**Data for analysis**.
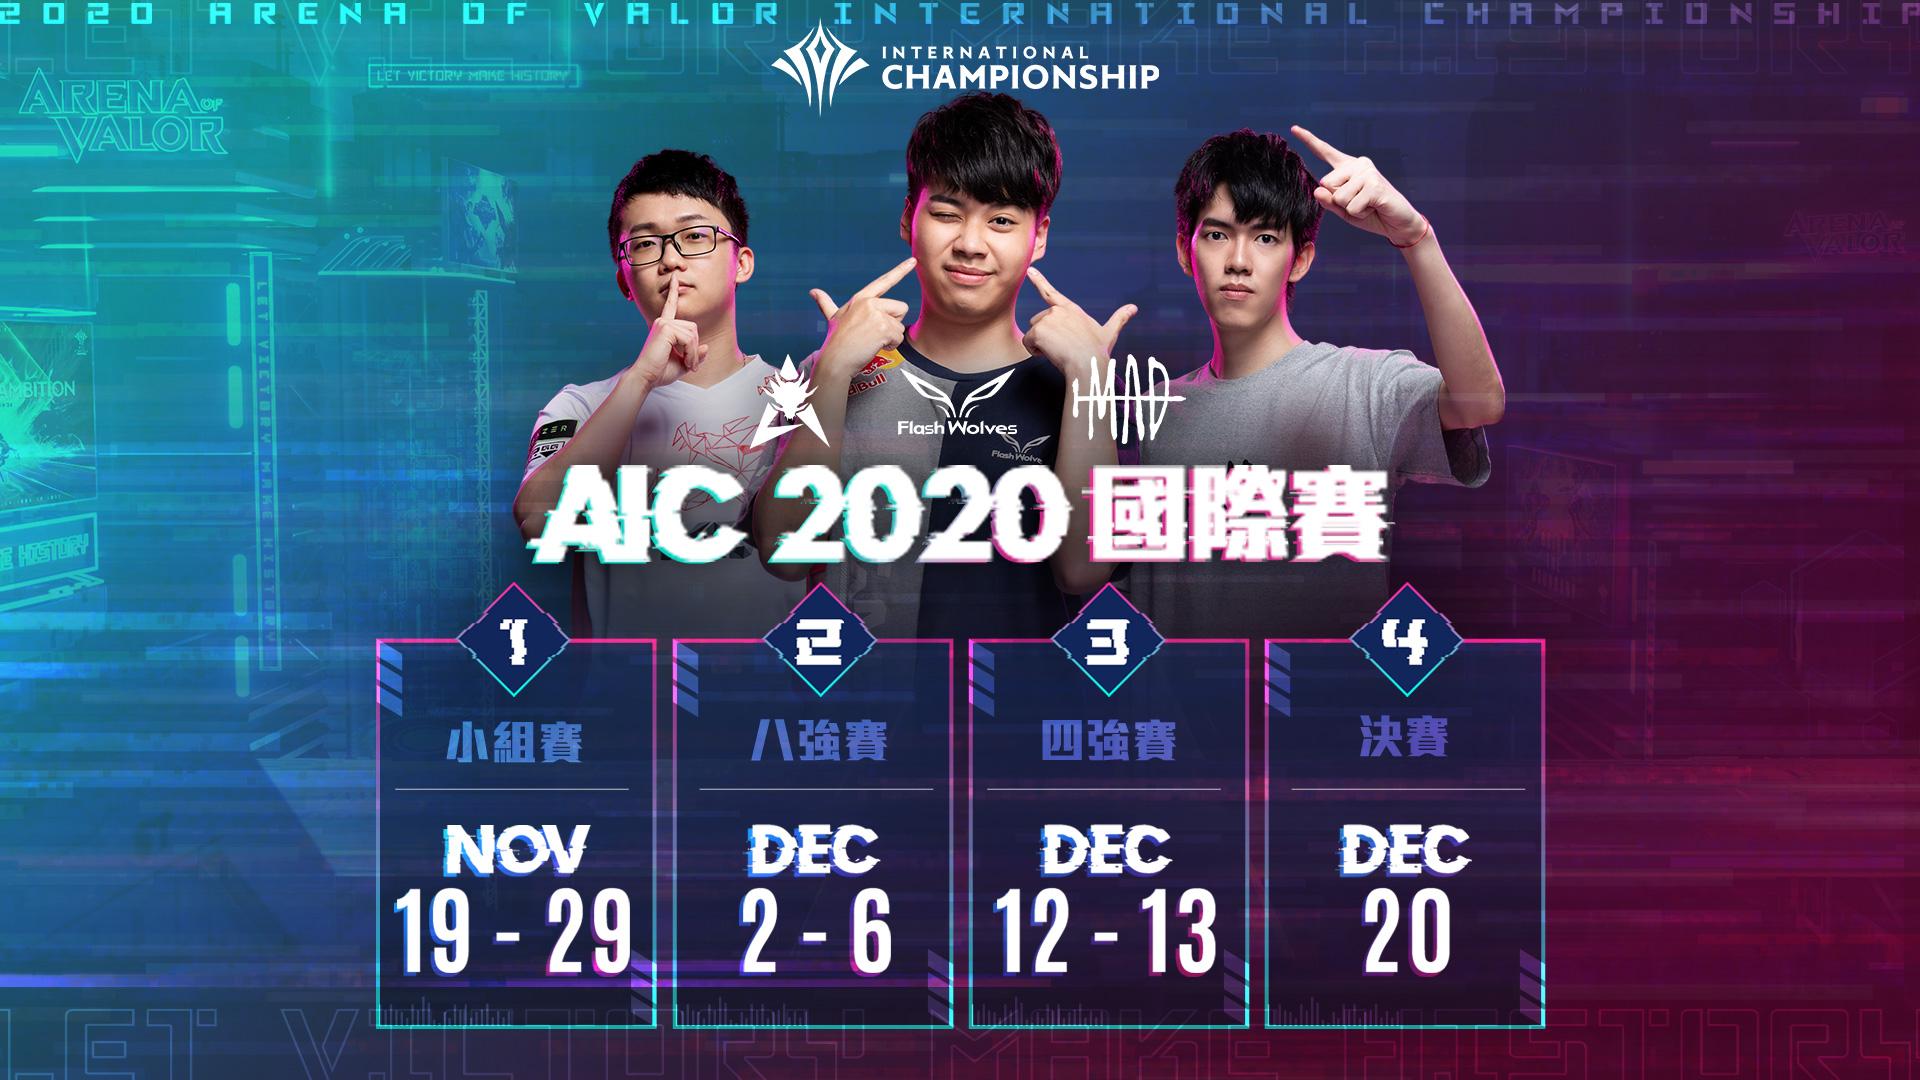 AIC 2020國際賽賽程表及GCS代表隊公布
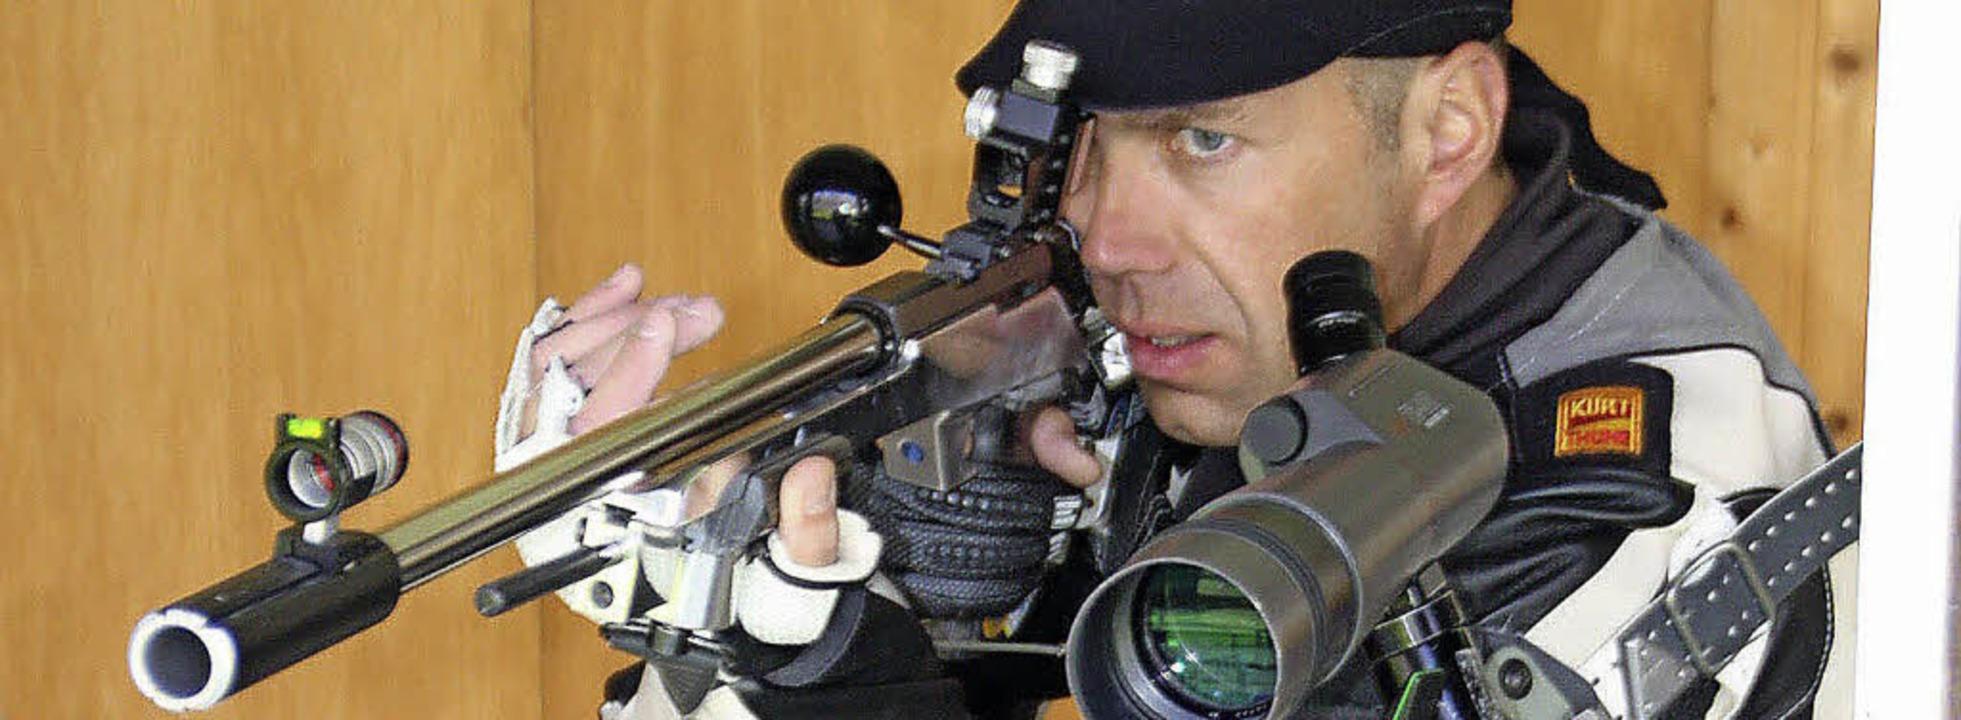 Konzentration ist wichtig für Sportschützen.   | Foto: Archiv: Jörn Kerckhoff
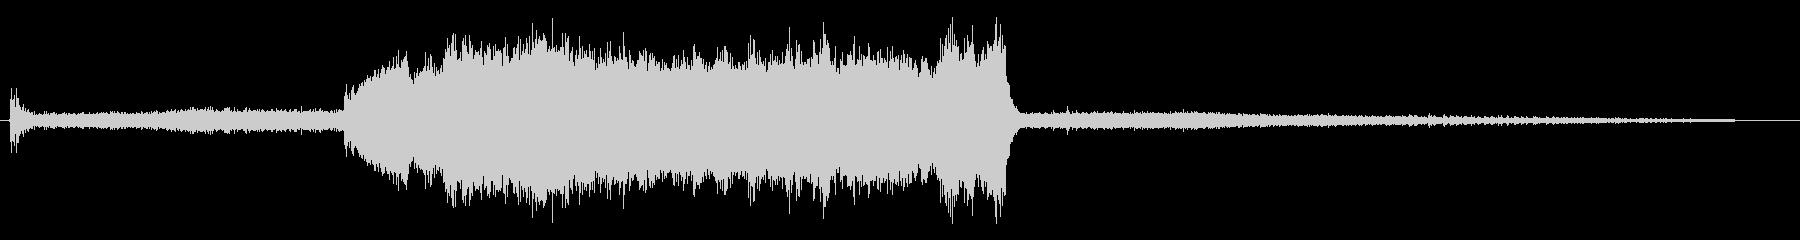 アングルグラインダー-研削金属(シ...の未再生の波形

---

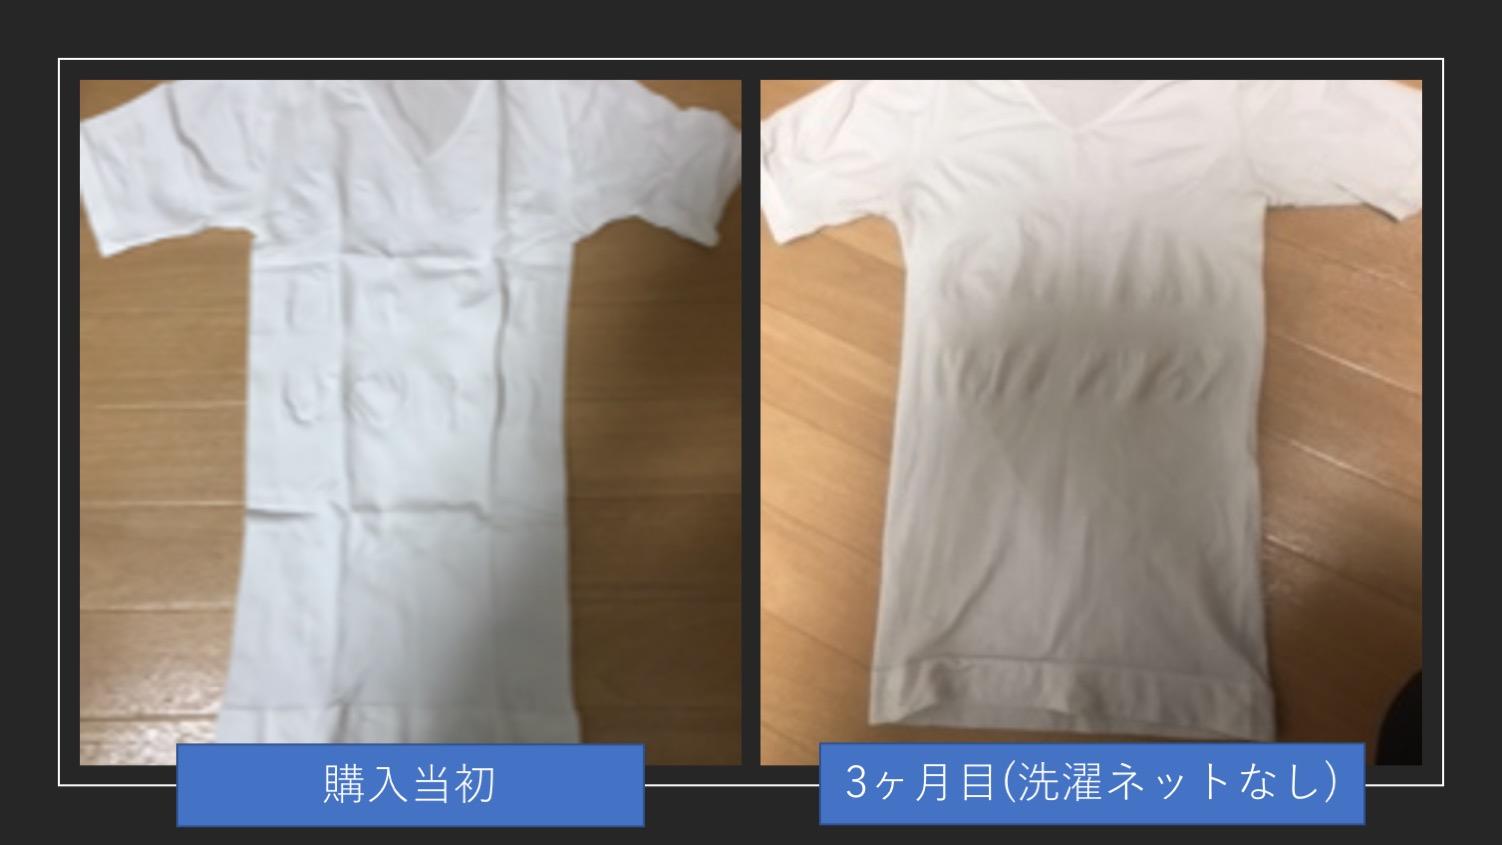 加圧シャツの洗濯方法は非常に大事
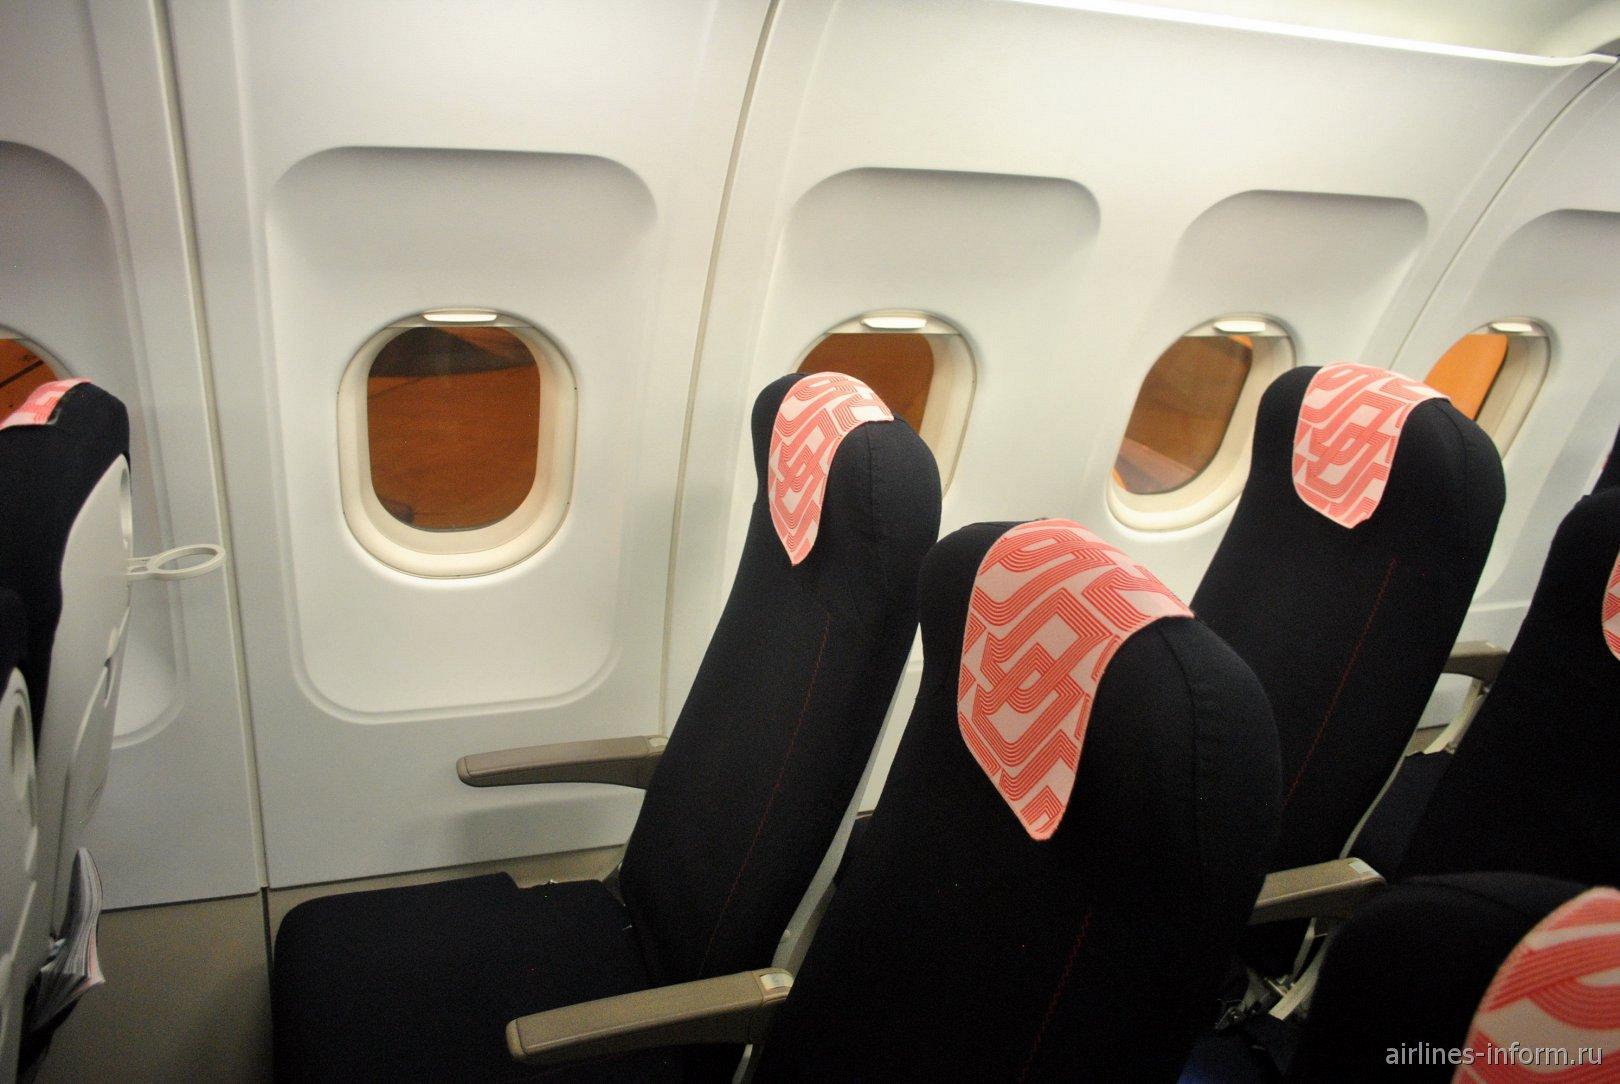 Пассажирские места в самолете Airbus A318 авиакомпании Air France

**Task instructions**. Transcribe, word for word, the stretch of lines in the data above from the one with "Konzentration ist wichtig" through the one with "アングルグラインダー-研削金属(シ...の未再生の波形"; omit all pictures.

**Completed task**.
 Konzentration ist wichtig für Sportschützen.   | Foto: Archiv: Jörn Kerckhoff
 アングルグラインダー-研削金属(シ...の未再生の波形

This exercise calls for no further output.